I discovered the "FizzBuzz" question today at coding horror. Great article. However, something in one of the user-comments confused me -- here's the quote:

Geez guys - EVERY ONE of you who gave example code - EVERY ONE - hard coded the FIZZ and BUZZ conditions...

It sounds to me like this poster is ridiculing people for "hard-coding" conditions, ie :

if(i % 3 == 0)
...

What is point the poster is trying to make? Is there another way to specify conditions in a program?

Thanks for taking the time!

Dan

the FIZZ and BUZZ conditions...

+1  A: 

The point of Fizz Buzz is to quickly weed out non-programmers, not find the best programmer. Any reasonable function that meets the specification is acceptable for this test.

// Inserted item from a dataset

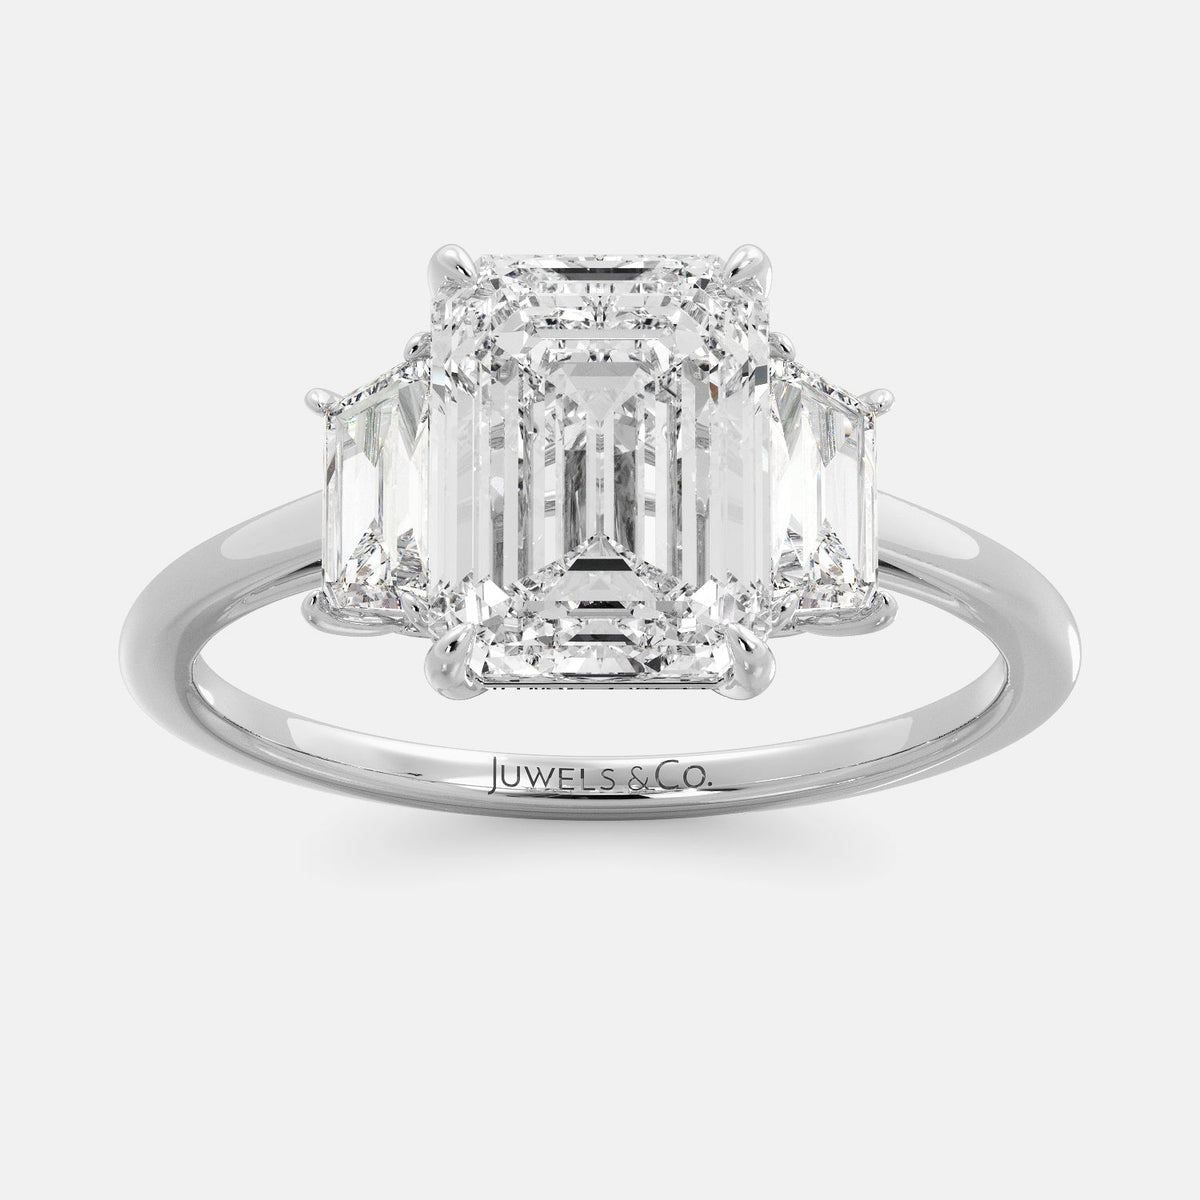 Lab-grown Emerald Cut Diamond Ring with side baguettes, white gold 14K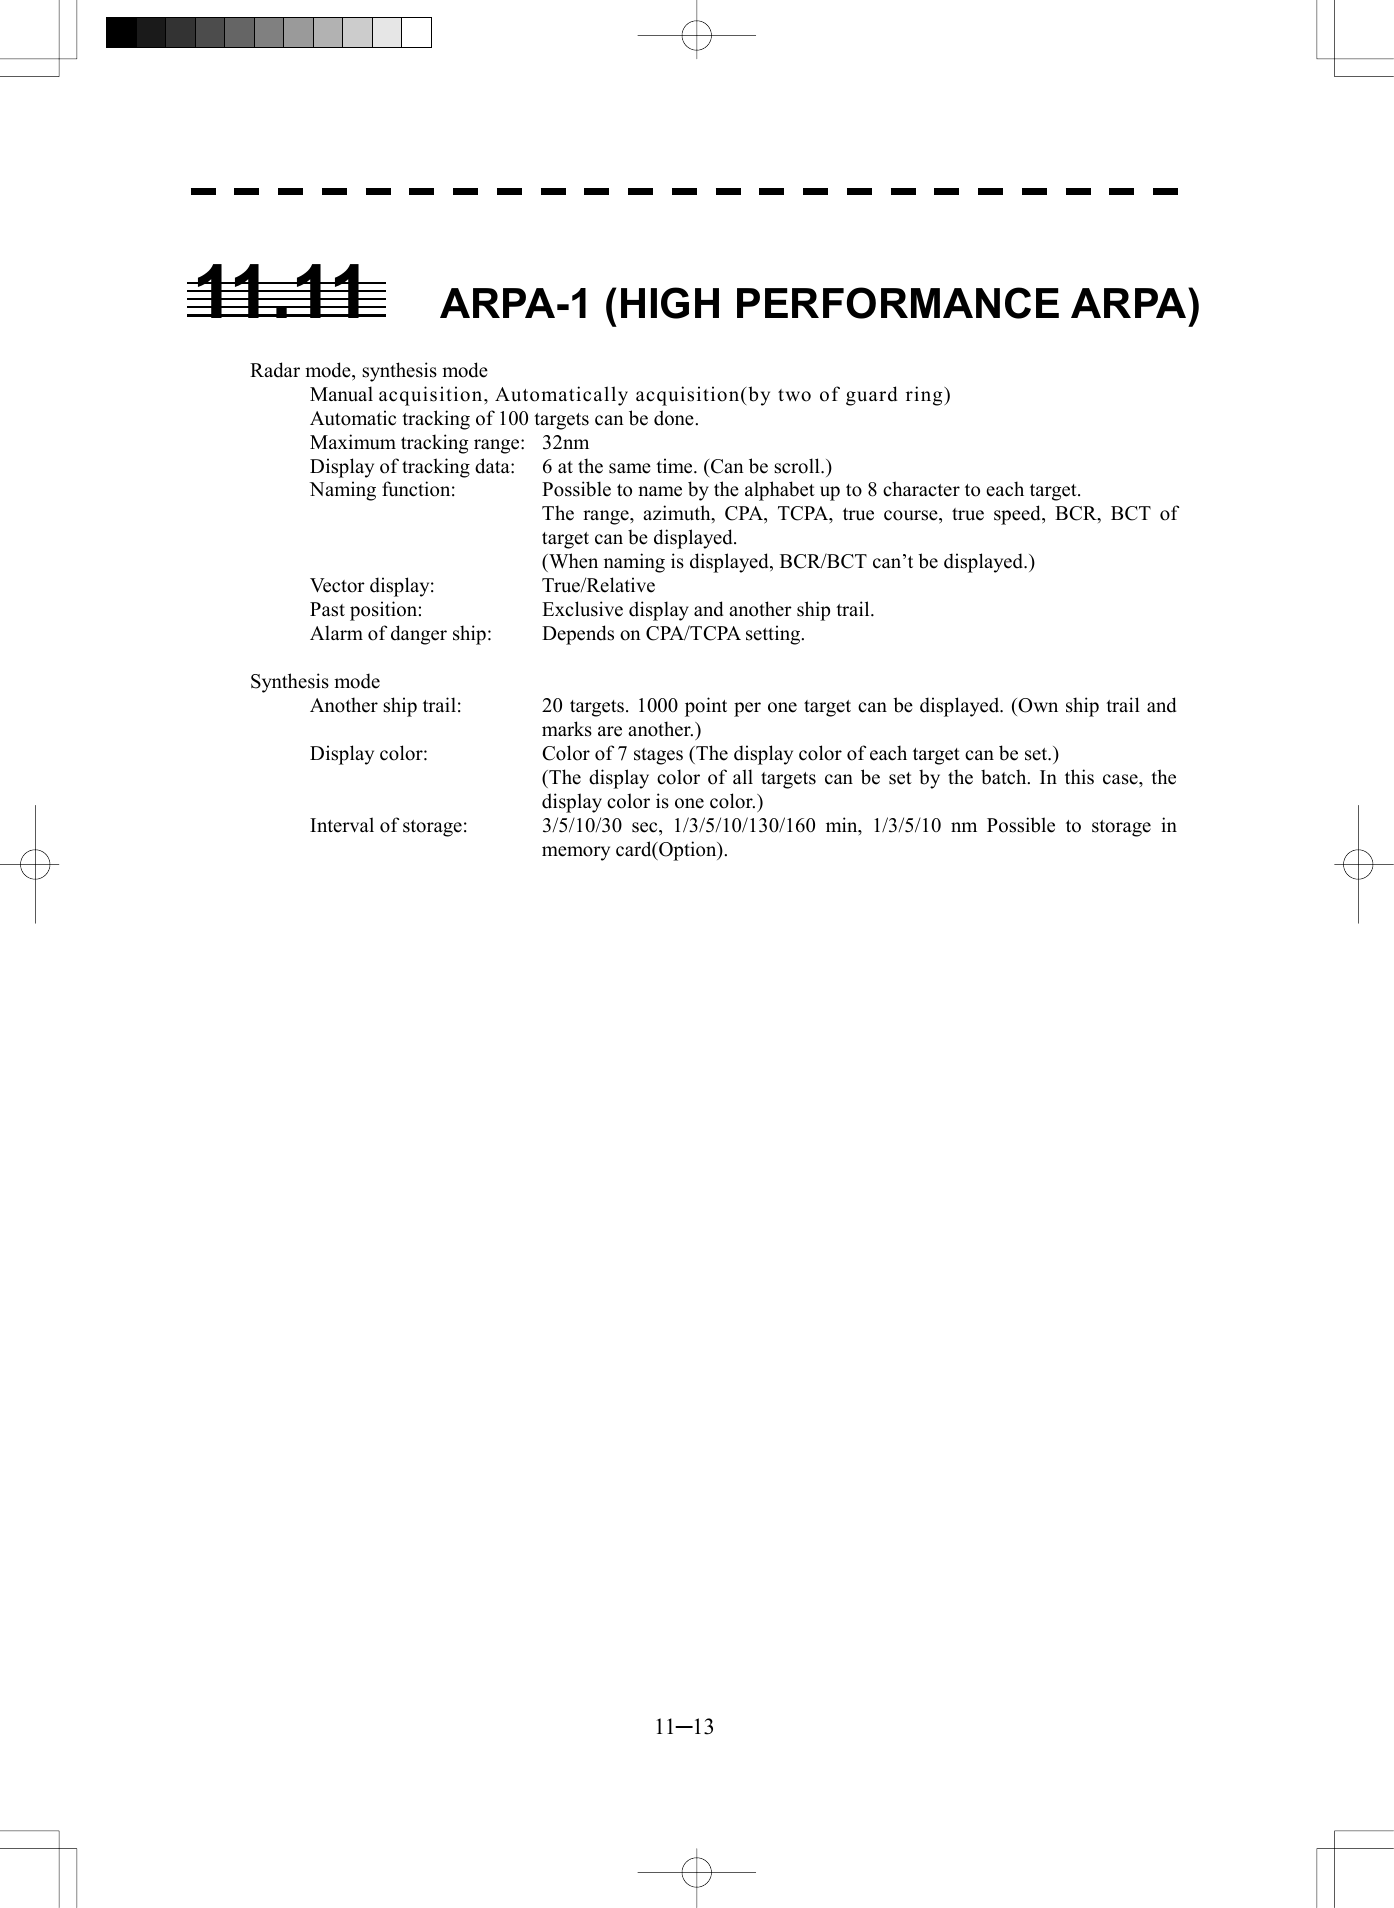  11─13  11.11  ARPA-1 (HIGH PERFORMANCE ARPA)   Radar mode, synthesis mode Manual acquisition, Automatically acquisition(by two of guard ring) Automatic tracking of 100 targets can be done. Maximum tracking range:  32nm Display of tracking data:  6 at the same time. (Can be scroll.) Naming function:  Possible to name by the alphabet up to 8 character to each target.   The range, azimuth, CPA, TCPA, true course, true speed, BCR, BCT of target can be displayed.     (When naming is displayed, BCR/BCT can’t be displayed.) Vector display:    True/Relative Past position:    Exclusive display and another ship trail. Alarm of danger ship:  Depends on CPA/TCPA setting.  Synthesis mode Another ship trail:  20 targets. 1000 point per one target can be displayed. (Own ship trail and marks are another.) Display color:  Color of 7 stages (The display color of each target can be set.)   (The display color of all targets can be set by the batch. In this case, the display color is one color.) Interval of storage:  3/5/10/30 sec, 1/3/5/10/130/160 min, 1/3/5/10 nm Possible to storage in memory card(Option).

If you don't hardcode, great, you extra-pass. But, that doesn't get you out of the hard questions that are following. I usually increase the difficulty with each question, but I don't want to waste time if the candidate totally can't answer simple questions.

Lou Franco
+1  A: 

There's nothing wrong with hardcoding some conditions.

In the context of an interview, when I know that I'm coding FizzBuzz.java and not Enterprise Fizz Buzz with a database and 1000+ simultaneous users requiring five-nines uptime, it's ideal to hardcode these conditions.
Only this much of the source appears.